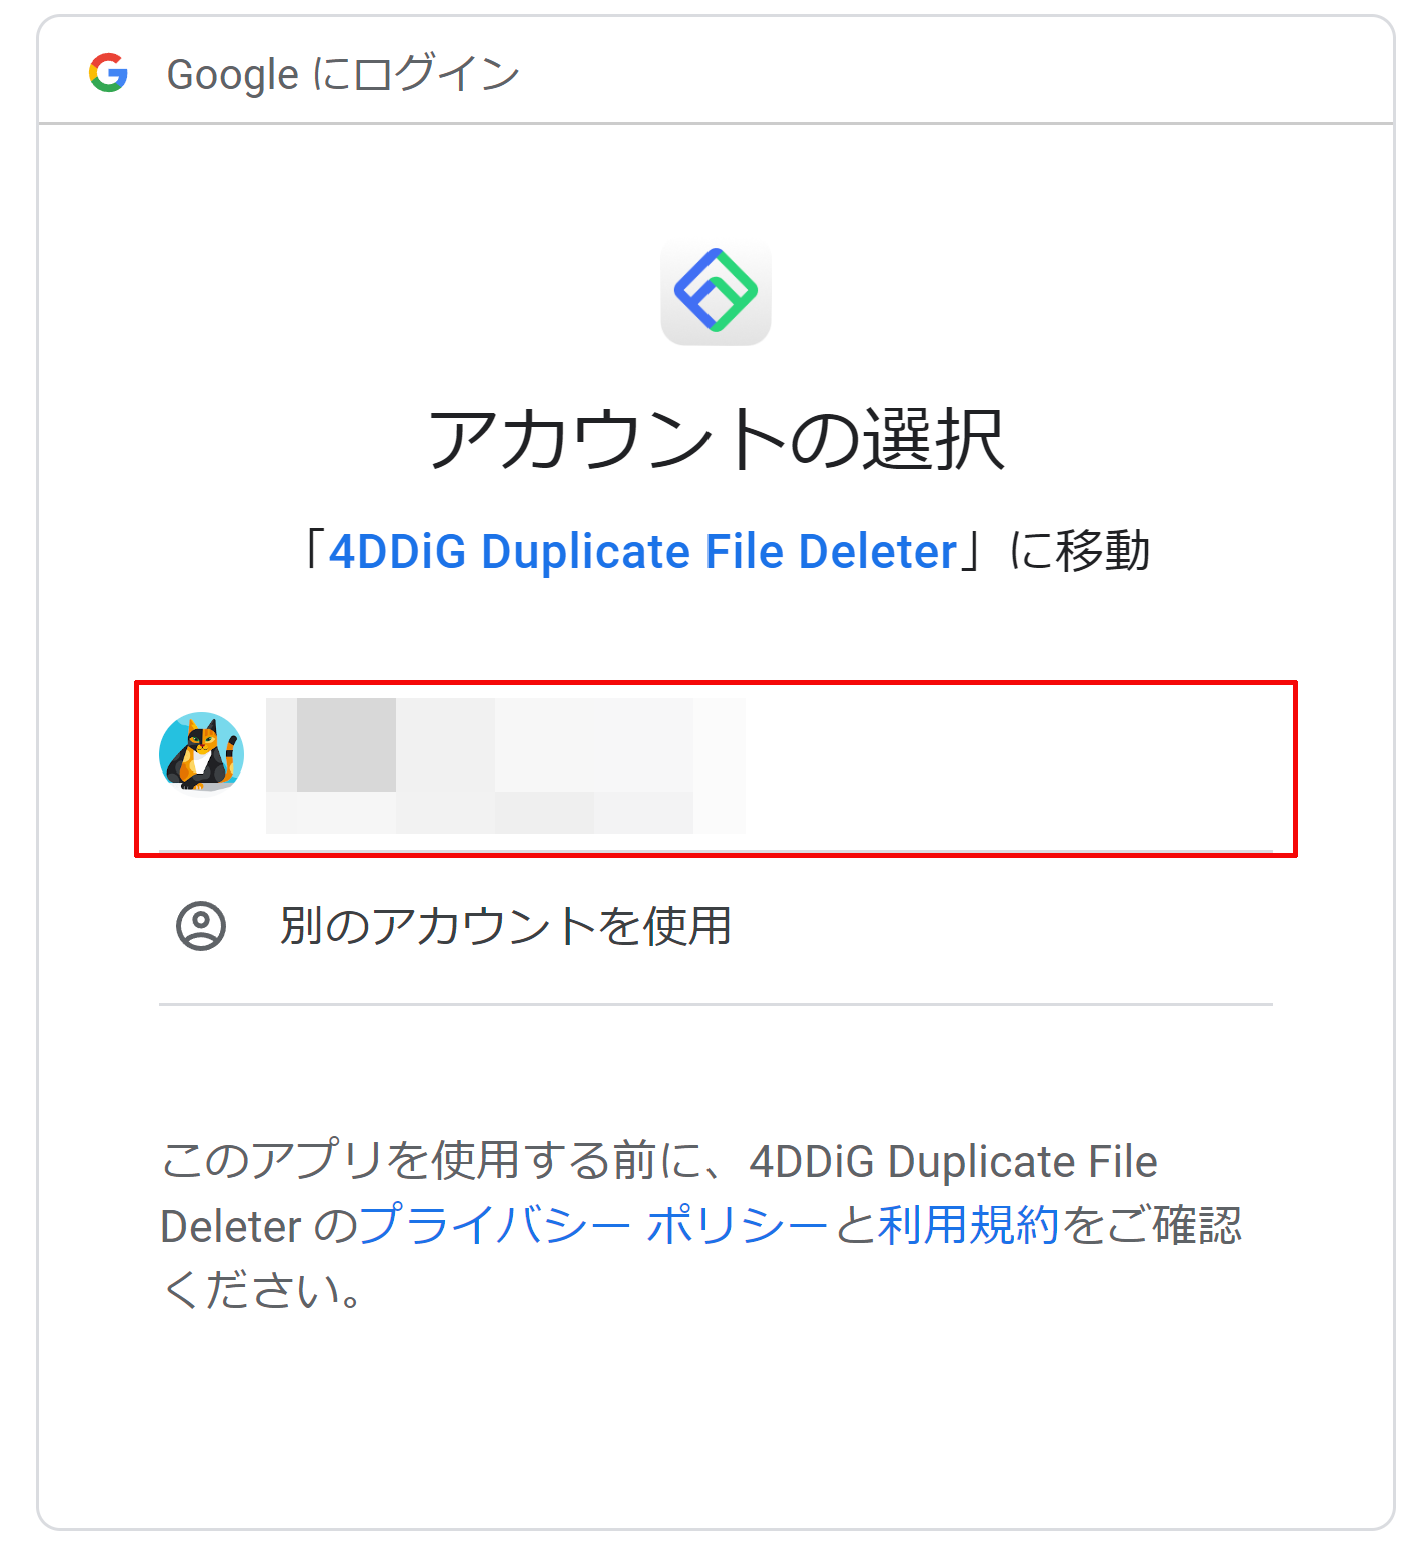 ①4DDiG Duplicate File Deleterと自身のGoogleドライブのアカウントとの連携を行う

* * *

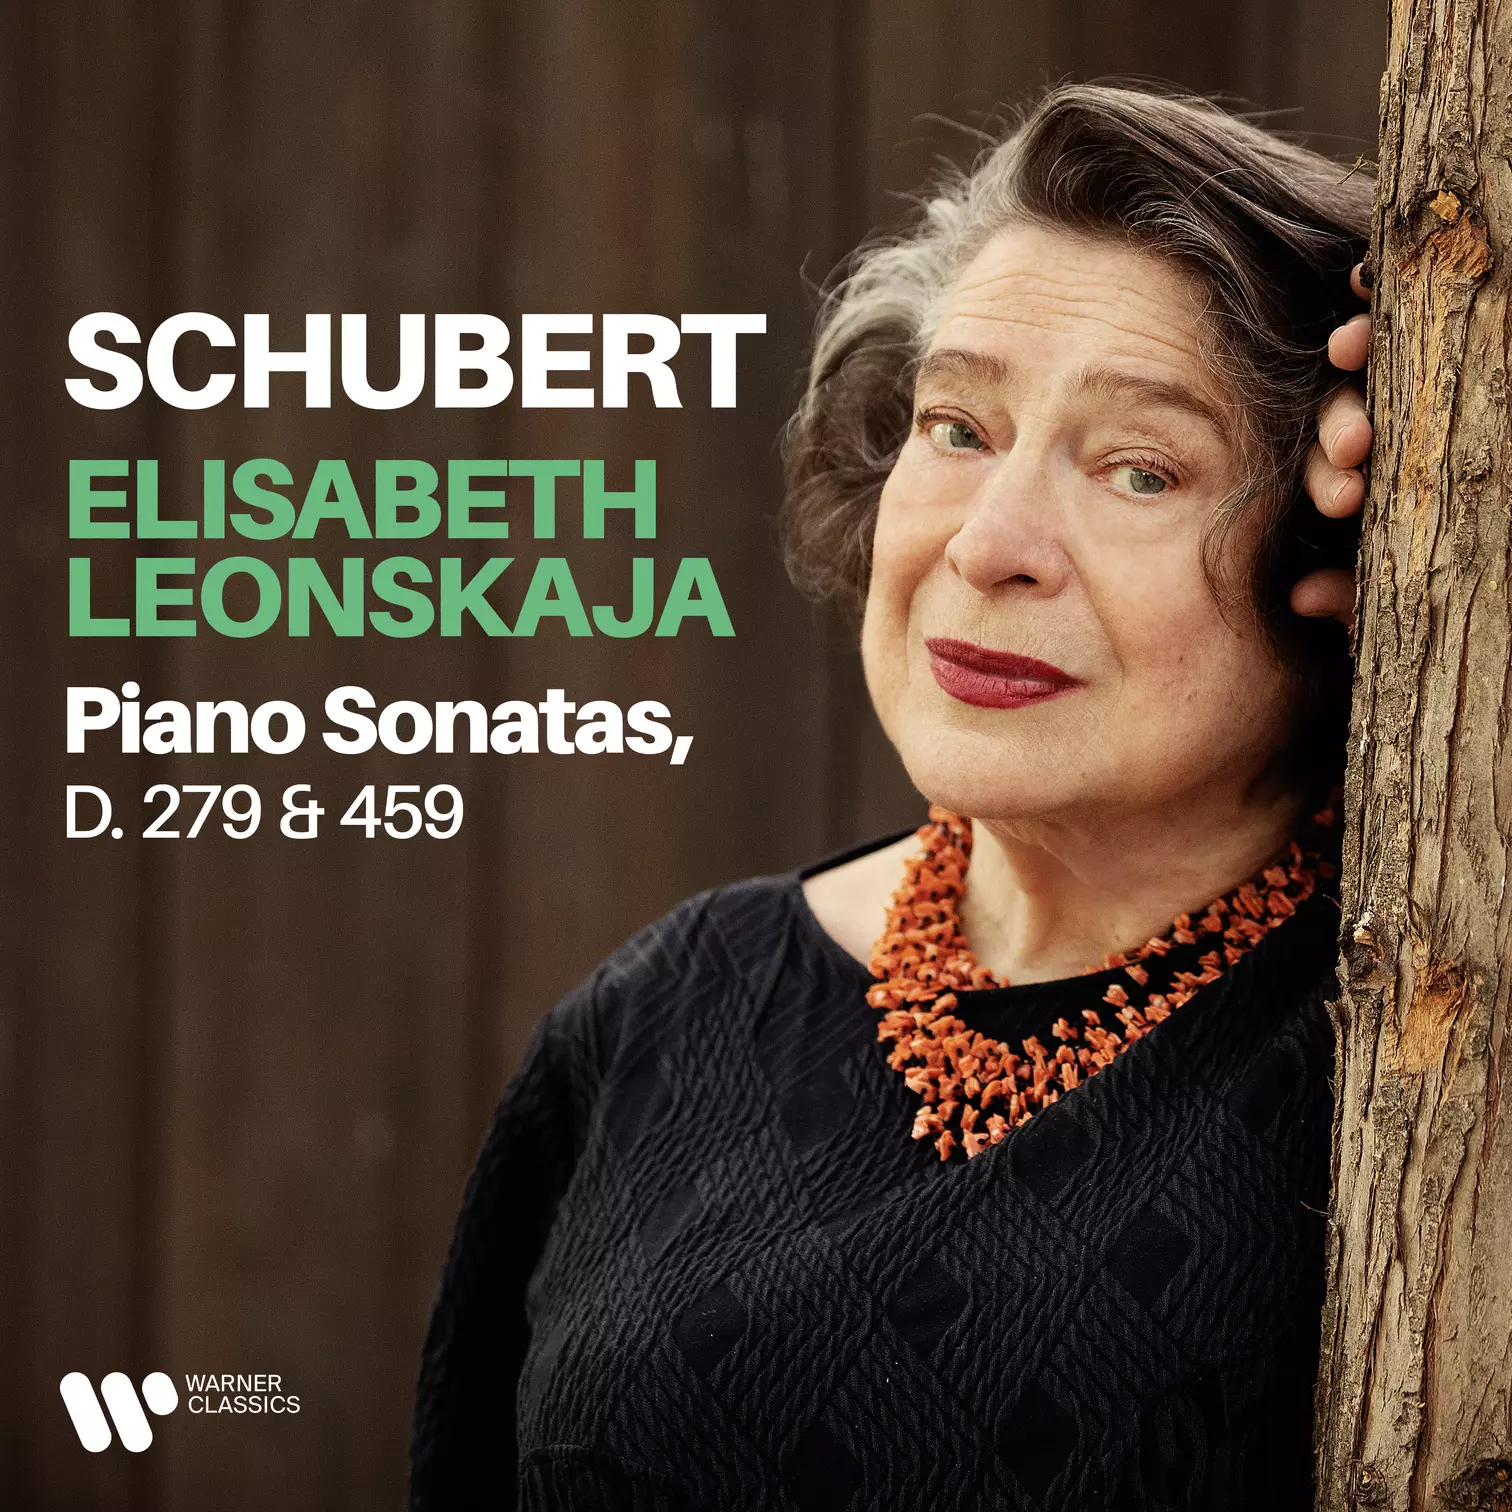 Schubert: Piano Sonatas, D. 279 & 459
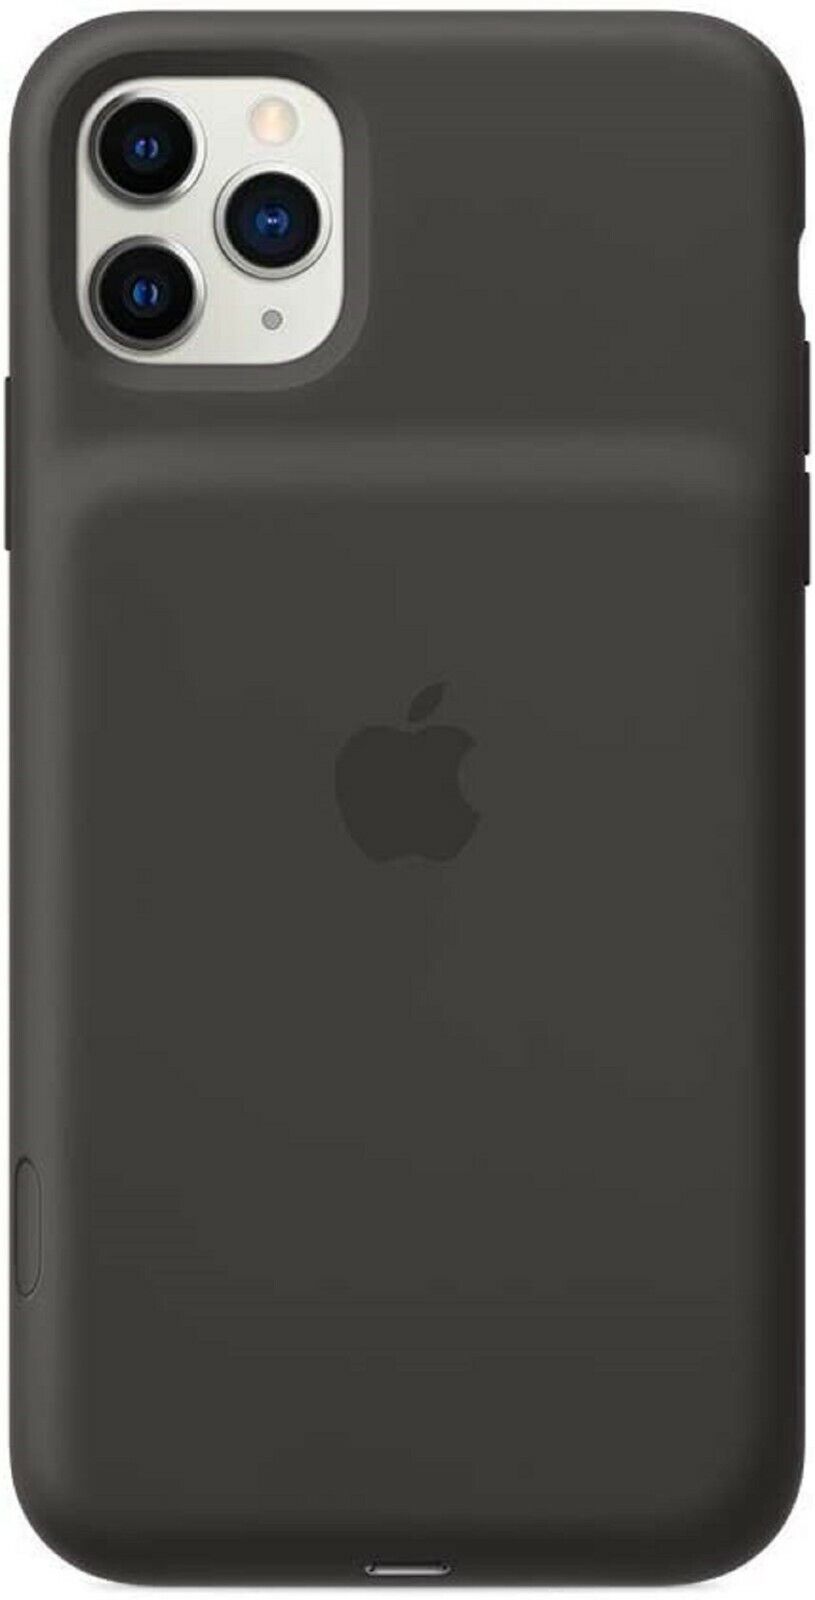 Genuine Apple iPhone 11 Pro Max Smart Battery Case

WHAT THE EXERCISE ASKS:
Your output should be the lines above from the one that contains "Schubert: Piano Sonatas, D. 279 & 459" through the one that contains "Genuine Apple iPhone", word for word, with pictures left out.

FINISHED TASK:
 Schubert: Piano Sonatas, D. 279 & 459
 Genuine Apple iPhone 11 Pro Max Smart Battery Case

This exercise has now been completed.